August 3, 2011 EditionAlso in this issue...
Shelton completes term
Diana Shelton of Walnut Ridge, who recently completed her term as president of the Arkansas Business and Professional Women, gives a "Wonder Woman" sign during a meeting. The Wonder Woman theme was used to help raise money for the Arkansas Business Woman magazine.
For Diana Shelton the last year has been one of learning and excitement, but serving as president of the Arkansas Business and Professional Women was definitely not something she had ever planned to do.
"I believe I grew as a person by stepping out of my comfort zone," Shelton said. "I'm glad I did it and hope I made a difference along the way.
She said fellow Walnut Ridge BPW member Sue Sullens had encouraged her for years to consider serving as state president.
"She always told me she wanted me to be state president," Shelton said. "I would say 'Sue, you know I'm not going to do that.'"
But in the end, that is exactly what she did.
"I learned so much from it," Shelton said. "I also enjoyed all the traveling to visit all the other local chapters."
Sullens said she couldn't be prouder.
"She will be a hard act to follow," she said. "She did a fantastic job. She made Walnut Ridge proud and made the state proud. We are very fortunate that we have her kind of leadership at both the state and local level."
Shelton's message for the year was the need to remember and continue the legacy of professional women of the past, present and future.
"Having come through a couple of years of change it seemed the time was right to remember our legacy and focus on continuity, especially for newer members and young women in general," she said.
To express that, she chose the theme "Our Legacy Shines On," and to represent that theme, she chose a diamond.

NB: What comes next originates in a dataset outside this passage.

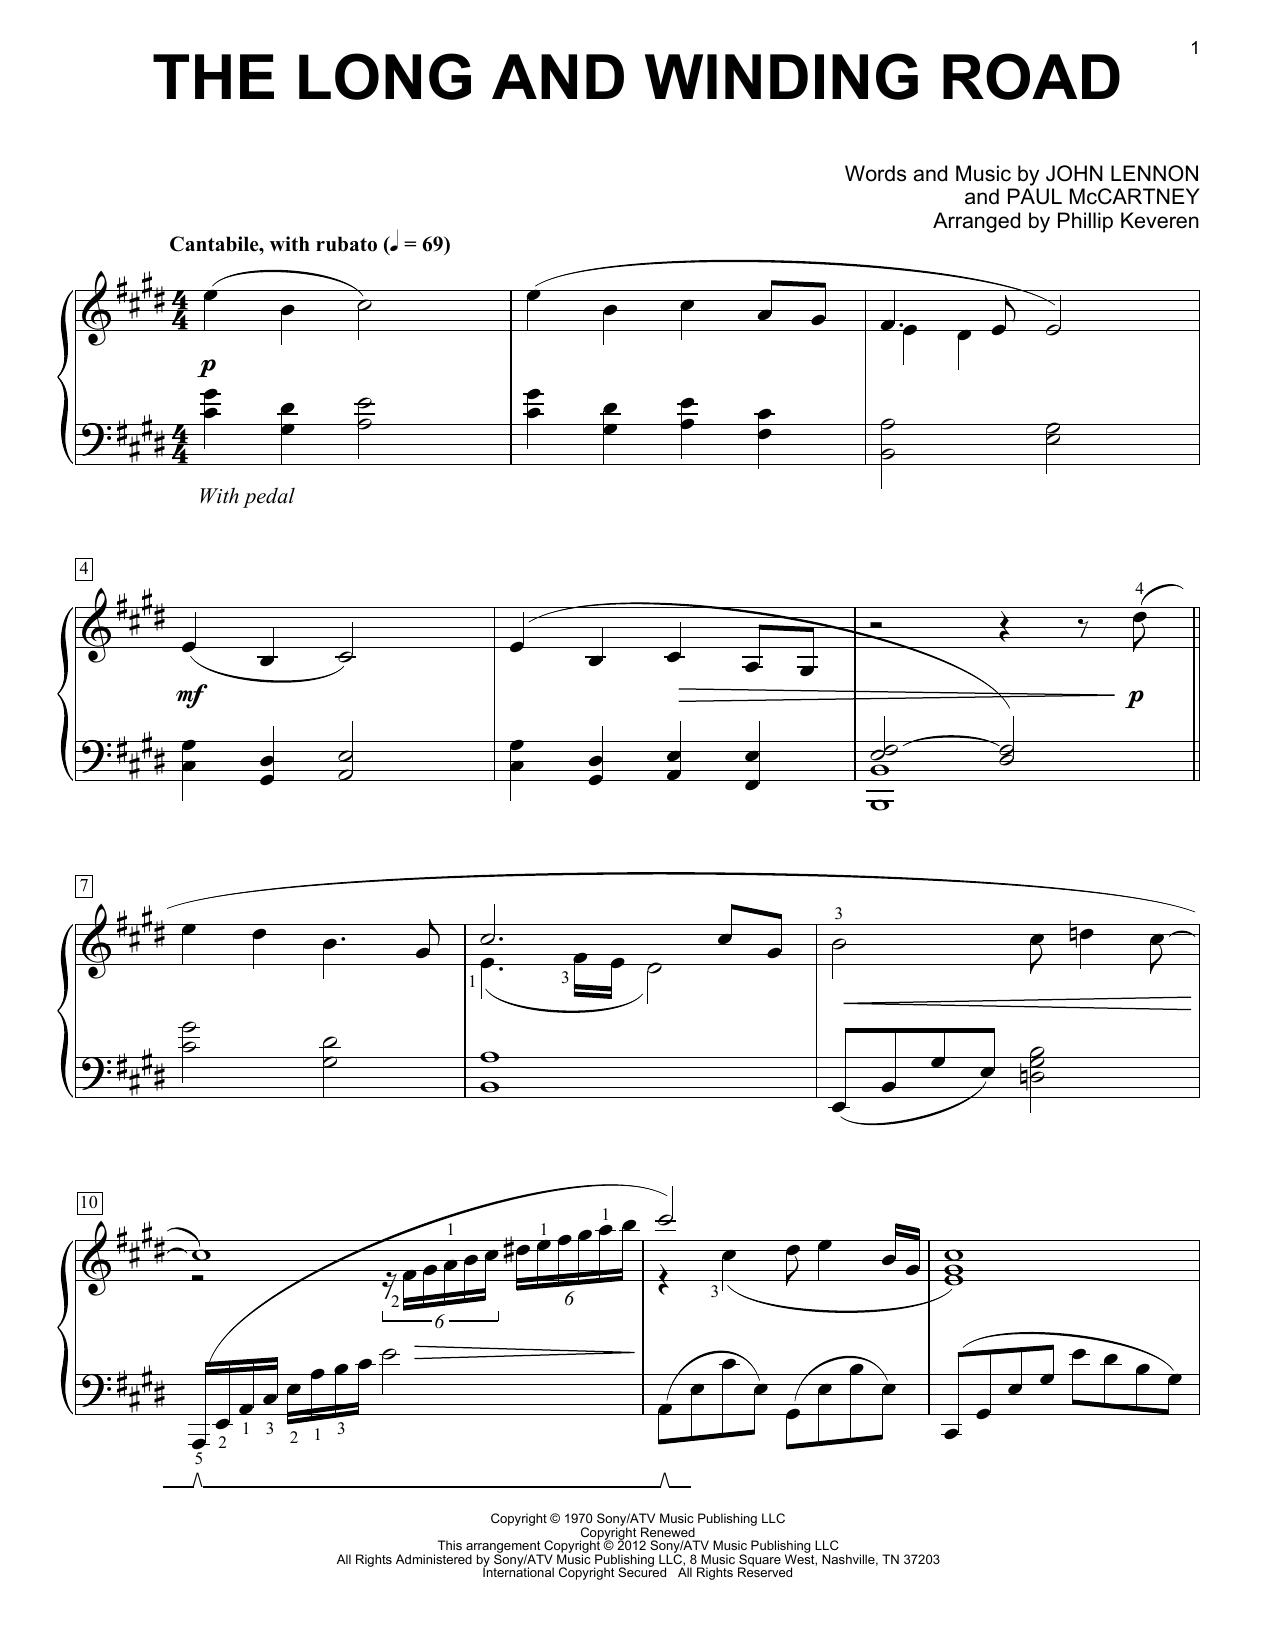 Download The Beatles The Long And Winding Road [Classical ve Sheet Music

"The diamond is a strong enduring gem and is representative of strong women," she said. "That is one reason I chose to use it."
In one of her President's Messages, Shelton shared a quote from past State President Penny Choate with fellow BPW members: "Our worst enemy is finding comfort in the work of our foremothers' efforts and doing nothing to ensure that our daughters, granddaughters and nieces will have equal pay for equal work, affordable child care, Social Security, pensions and abundant opportunities to seek higher education."

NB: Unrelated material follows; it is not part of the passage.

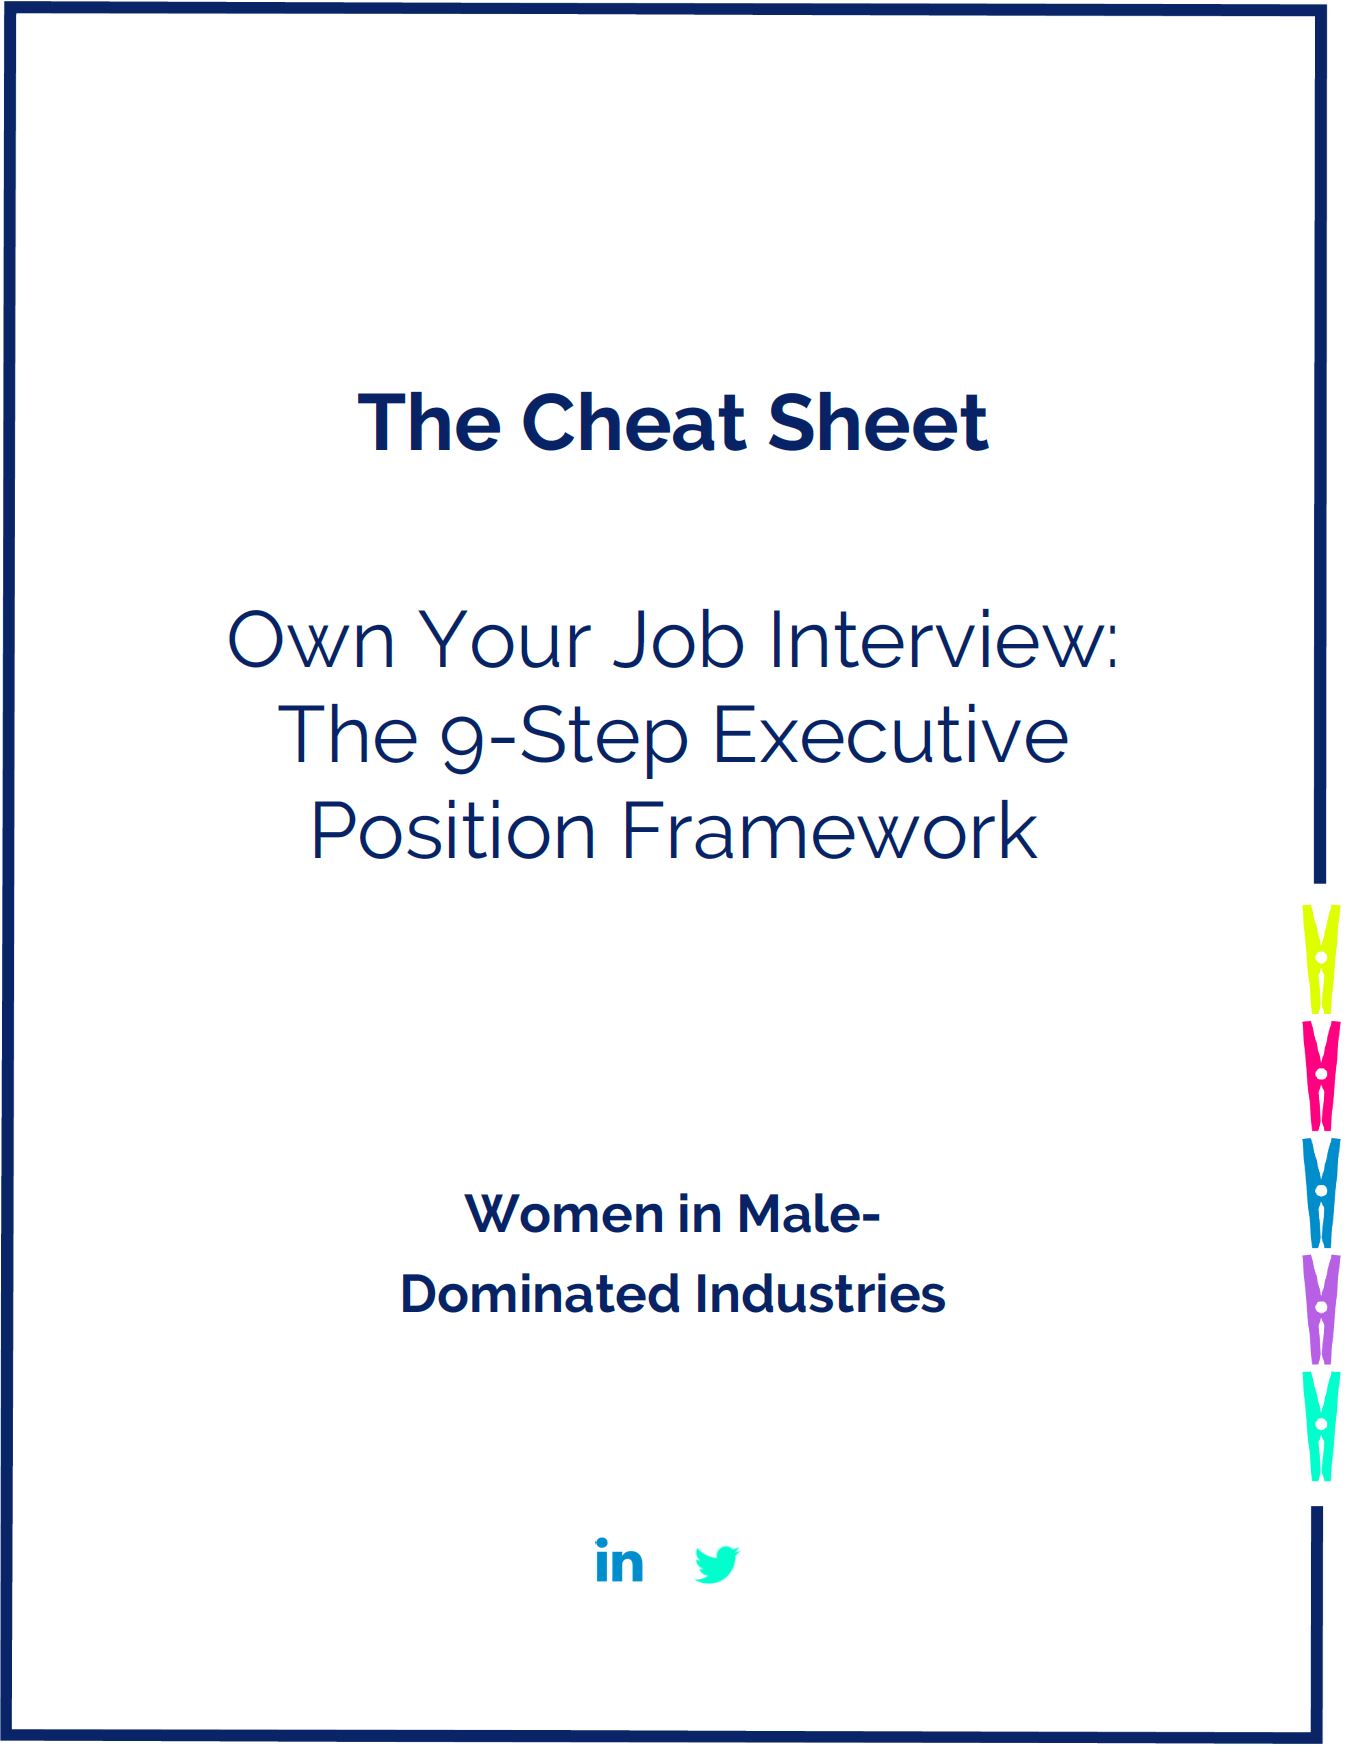 Own Your Interview: The 9-Step Executive Position Framework for Job Interviews

Shelton said watching the film "Iron Jawed Angels" made her realize how much women went through just to obtain the right to vote.
"That movie really touched my soul," she said. "Part of my idea through Camp BPW has been to educate the students on what our foremothers went through and not to take the rights we have for granted."
She said during her year as president she also encouraged other local clubs to educate their young people, as well.
Shelton said BPW USA and BPW Foundation merged in 2009, and new bylaws for the joint organization were completed during Shelton's tenure.
"I was proud we could get that accomplished, because it's such a big job," she said.
She will remain on the bylaws committee, as well as serving as state corresponding secretary and past president for the upcoming year. As past president, she will organize a luncheon at the state convention.
The new state president is Robin Powell of North Little Rock, and Sarah Akin of Jonesboro, who traveled with Shelton often during her year as president, is serving as president-elect.
Shelton will also serve as president of the Walnut Ridge organization this year. She expressed her appreciation to the local members for their support over the past year.
"They are a great group of women who have stood behind me this year and supported me during my presidency," she said.
Sullens said Shelton's contributions to BPW, as well as the Lawrence County Walk of Hope, are invaluable.
"Wherever she is or whatever she does, she will do a fantastic job," Sullens said.
Shelton said in addition to her "Legacy" theme, she and Debbie Green, editor of Arkansas Business Woman, came up with using Wonder Woman as a fun way to sell promotional ads for the magazine.
She said part of the inspiration came from the TV series, Wonder Woman, which was a favorite for her daughter, Lara, as well as a Wonder Woman book she had purchased for Lara.
In her state president's speech, Shelton shared the following with her fellow members:
"It is naturally ingrained in women to serve, and we do that very well É What we also need to do is make sure to share our knowledge, share our experiences and wisdom and share the legacy left to us by our foremothers, pay it forward and give something back.
"We can't all be Wonder Woman, but I think we can get pretty close. All we have to do is think about ways we can help the next generation of women be even better and then set out with the purpose in mind to be someone who can help achieve that goal."
A highlight of the year for Shelton was attending an ERA (Equal Rights Amendment) rally at the state Capitol in Little Rock.
"I was happy to be there and add my voice to the legacy of so many others before us who have been fighting to get ERA ratified," she said. "The historical spirit was present, and I think we all had goosebumps as we added our voices to those who have spoken before us."
For Shelton, that is what BPW is all about.
"BPW is important to me because I want to help continue the legacy and fight for women's rights, but also because it is a sisterhood of women helping women, not only in the workplace but in other phases of daily life personally, professionally and politically," she said. "I just feel the need to give back when I can especially to help educate younger women and carry our legacy forward."
Shelton is a commercial relationship assistant with iBERIABANK in Hoxie. She and her husband, Mike, live in Walnut Ridge. Their daughter, Lara, resides in St. Petersburg, Fla.